Yes, it is a complicated subject. My understanding is that a code unit is a particular sequence of bits. In ASCII a code unit is 7 bits, in UTF-8 a code unit is 8 bits and in UTF-16 a code unit is 16 bits. A codepoint may consist of one or more code units. In ASCII a code unit and a codepoint are the same. In UTF-8 a codepoint can be one, two or three code units.
... or even four codeunits.
Yes except that terms "codeunit" and "codepoint" are used only with Unicode AFAIK. They were not needed with ASCII.
When speaking of characters, most people refer to the glyphs that we see, like 'A' or '€' which would be identical to a codepoint.
Those 2 happen to have only one codepoint, yes.
In the days of ASCII a code unit, codepoint and character referred to the same 7 bits, or simply a byte.
Words codeunit and codepoint were not used then. A "character" meant a byte. Yes, everything was simple in the old days.
Today a character or codepoint may occupy one or more bytes (code units) depending on the encoding. It would have been simpler if the world could agree on a single encoding covering all glyphs we use for communication.

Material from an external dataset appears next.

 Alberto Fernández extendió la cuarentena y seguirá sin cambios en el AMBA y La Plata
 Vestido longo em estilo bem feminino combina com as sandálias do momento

Clearly you still don't understand the concepts of Unicode.
A codepoint occupies one or more codeunits depending on encoding, yes.
A "character" occupies one or more codepoints. I put the word "character" in quotes because its meaning is so ambiguous.

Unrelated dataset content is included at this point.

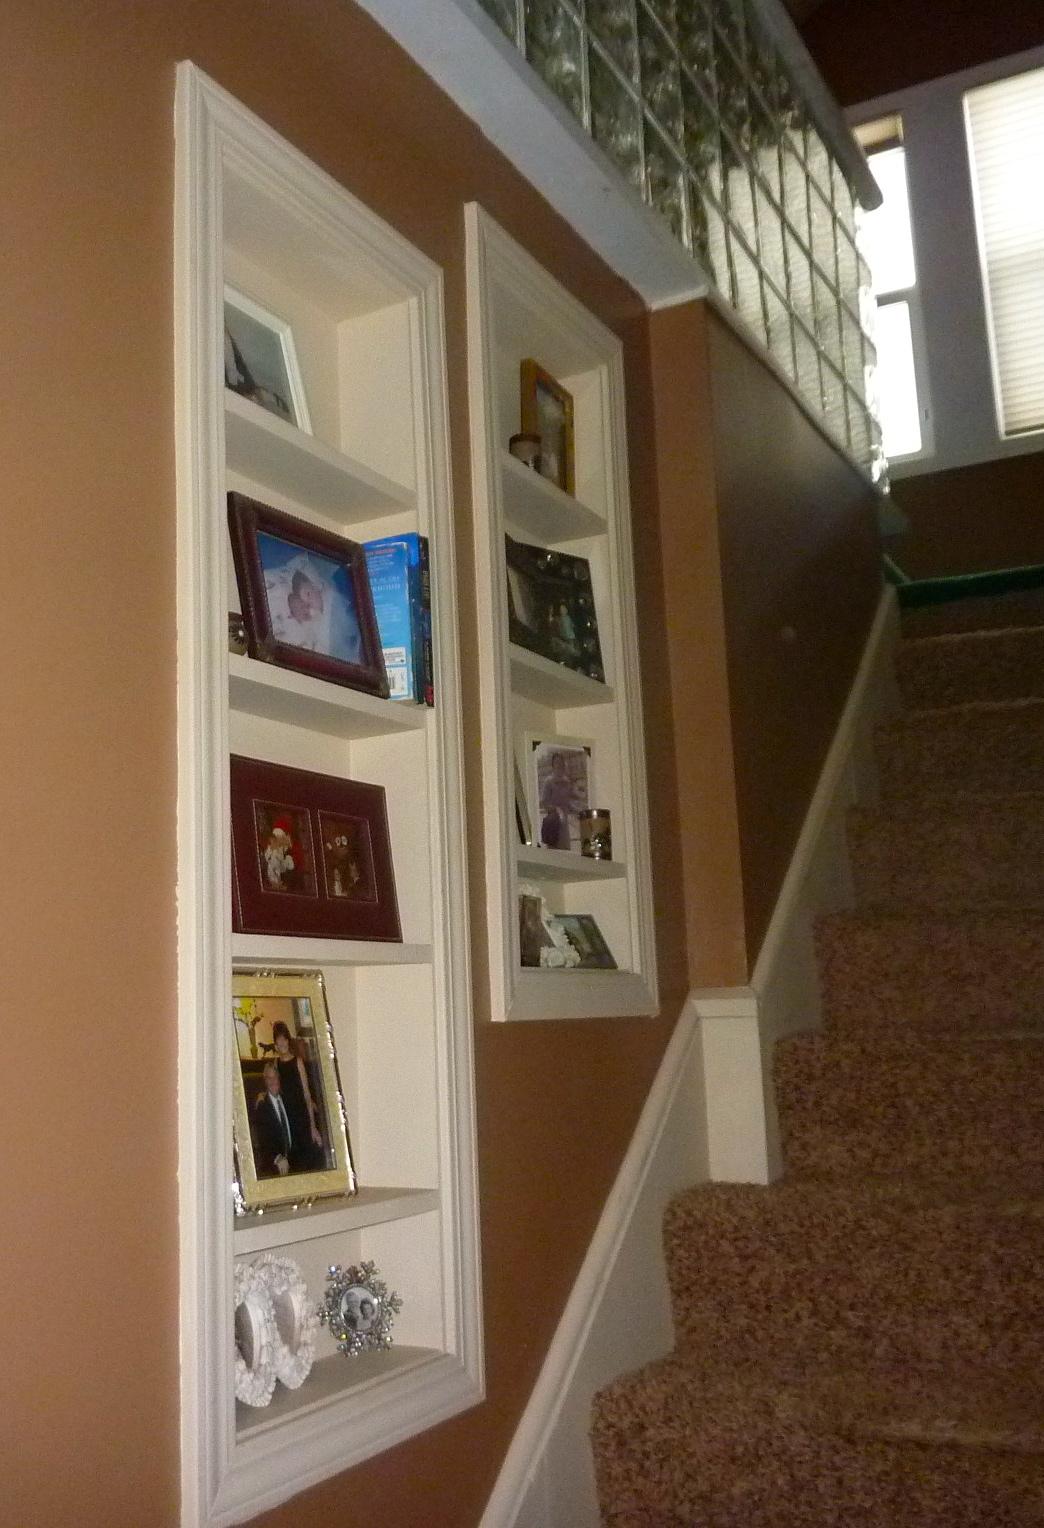 Stairway built in Shelves

See these 2 characters: ÓÓ
They look the same, don't they? However:
Ó has 2 codepoints and 3 codeunits.
Ó has 1 codepoint and 2 codeunits.
Amazing, ha!
I think you mistake codepoints for code units. This example shows one codepoint but three code units.
No mistake. That example had one codepoint but some other example could have more. Note also that encodings make no difference for that. Only codepoints are encoded!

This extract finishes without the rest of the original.